Me: Oh, the contact information on my email account is out of date.  Let me fix that.

Google: OK!  Go ahead and sign in again.  We need to make sure it’s really you.

Me:  Sure.  Here’s my password.

Google:  OK!  We sent a verification code to your phone.

Me:  Wait, that’s my old phone number!  Give me another chance to prove who I am.

Google:  Eesh, what’ve you got?

Me:  Well, here’s my other email I was able to access.  That’s linked to this account.  You’ll see I was able to log in to both accounts earlier today.  You’ll also notice I’ve accessed both through the same 2-3 devices for months, I’m in the same geographic location, and my email habits haven’t changed.

Google:  Hmmm… how long have you been using this account?

Me:  Huh.  I don’t know.  It’s been ages.  At least a decade, I’d say.

Google:  Have you used any other Google products?
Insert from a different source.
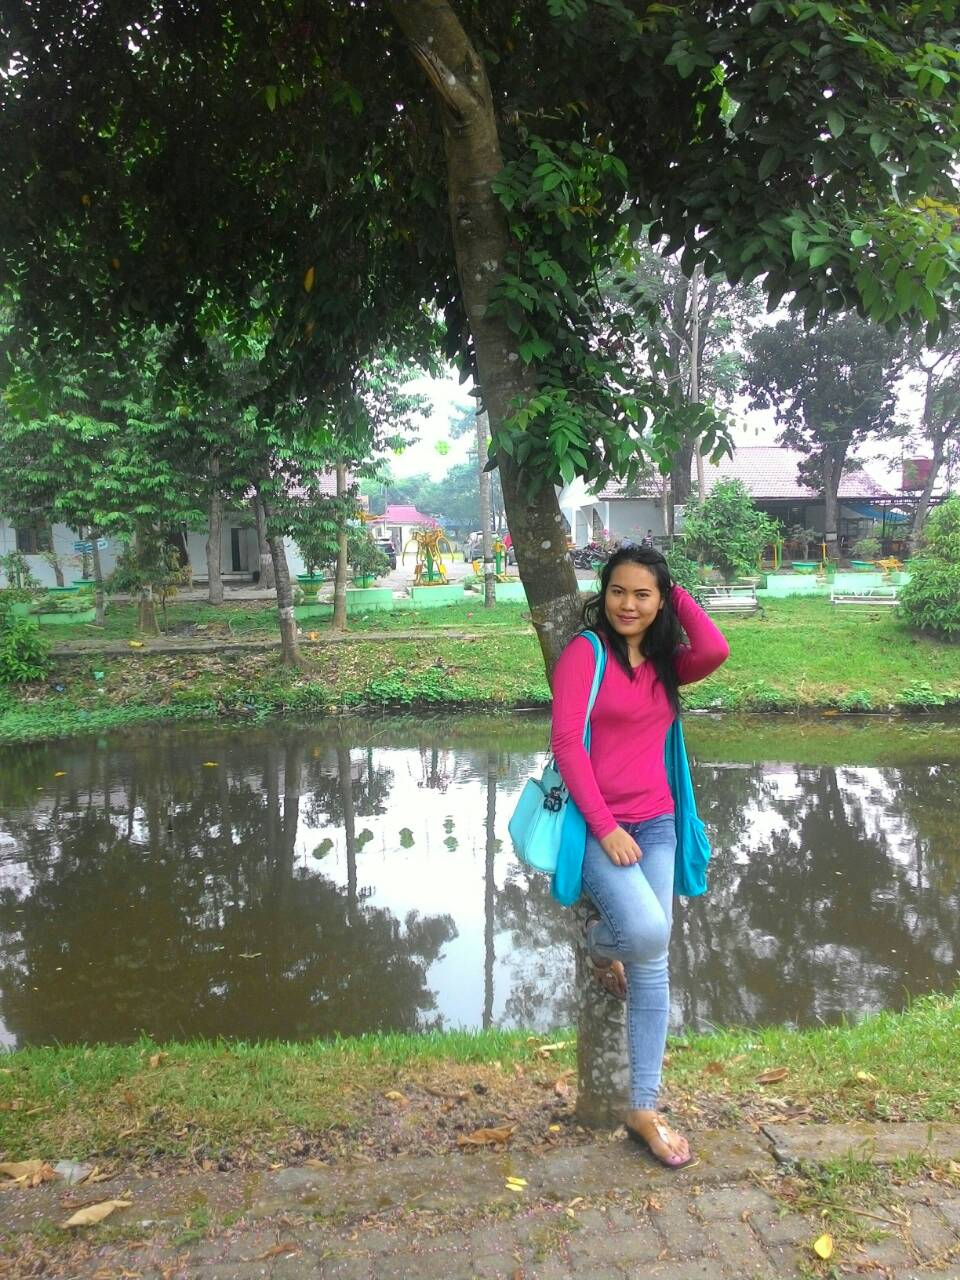 Wisata Kemanaaja Taman Cadika Medan Johor Sumatera Utara Pramuka Kota

Me:  Yeah, I’ve used your Calendar off and on.

Google:  (suspicious eyes) For how long?

Me: (shrug) hard to say.

Google:  Yeah, I can’t prove this account is yours.  Could you send me more information?


Continuing the drama from my last blog post, it seems I’m locked out of my personal email account for good.  It could’ve gone smoother if I’d had the foresight to save the backup codes Google gave me, but no such luck.  I hadn’t anticipated that my access would hinge on an outdated phone number and a few strings of numbers.
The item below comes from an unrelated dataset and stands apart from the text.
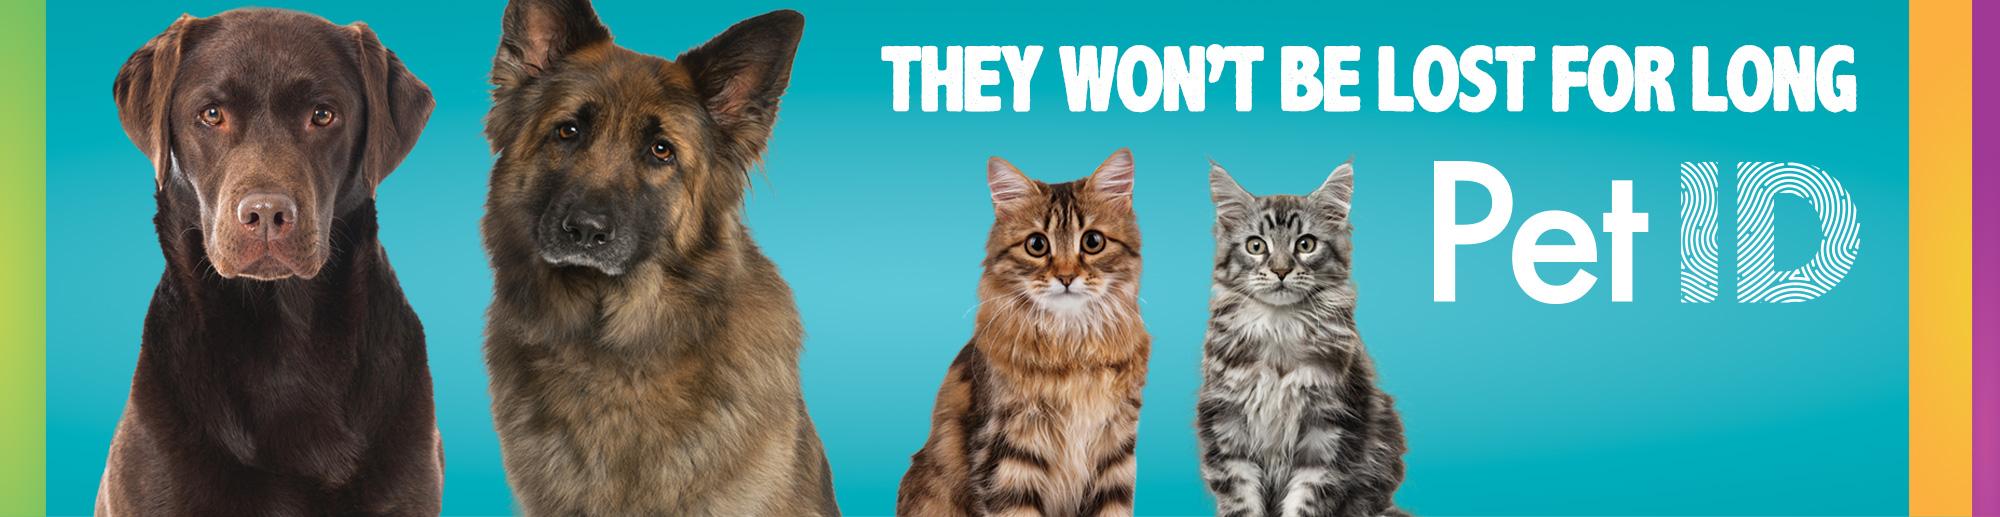 Pet ID Campaign

I’d really hoped I wouldn’t have to make up a new account, since everything I’ve done for the past decade or more is linked to that email.  That’s a lot of emails I have to change, and you can see how good I am at updating my contact information in the first place.

It can’t be helped at this point.  But maybe there’s a silver lining here. I’d accumulated a lot of unwanted contact on my old email, from mailing lists I’d tried to get off for ages to people with similar addresses who apparently can’t tell the difference between gmail and hotmail.  It’s a fresh start.  Just, not how I’d anticipated spending my day.

It Started With a Phone Number.

There are times when, even as I see how necessary it is, I despise how overcomplicated our technology has become.  That’s not me playing the part of a technologically challenged old bat.  You should’ve heard the string of curses I muttered as I tried to log in to my email accounts today.

It started when I noticed that my author email account had outdated contact information.  I’d changed phones (and phone numbers) about a month ago and the old number was still on my Gmail account.  That might’ve been a problem should I ever lose my password.  Time to update it.  That’s where it prompted me to log in.

Guess what I forgot?

Thankfully recovering my password for that email wasn’t a big deal.  A matter of reading a nearly illegible captcha, giving up details like the last password I remember and my mother’s maiden name, and I was back in.

Here’s where the real problems started.  For some reason, I was kicked out of my main email account and I couldn’t remember the password for that either.  No problem, right?  I just went through this procedure.

WRONG.

I had two-step verification enabled on this account.  That’s where if you ever try to sign in on an unfamiliar device, Google sends a verification code to your phone to make sure some prince in Nigeria didn’t get hold of your login.  That would make things problematic if the codes are being sent to a number I no longer have, because you can bet I never updated the contact info on that account either.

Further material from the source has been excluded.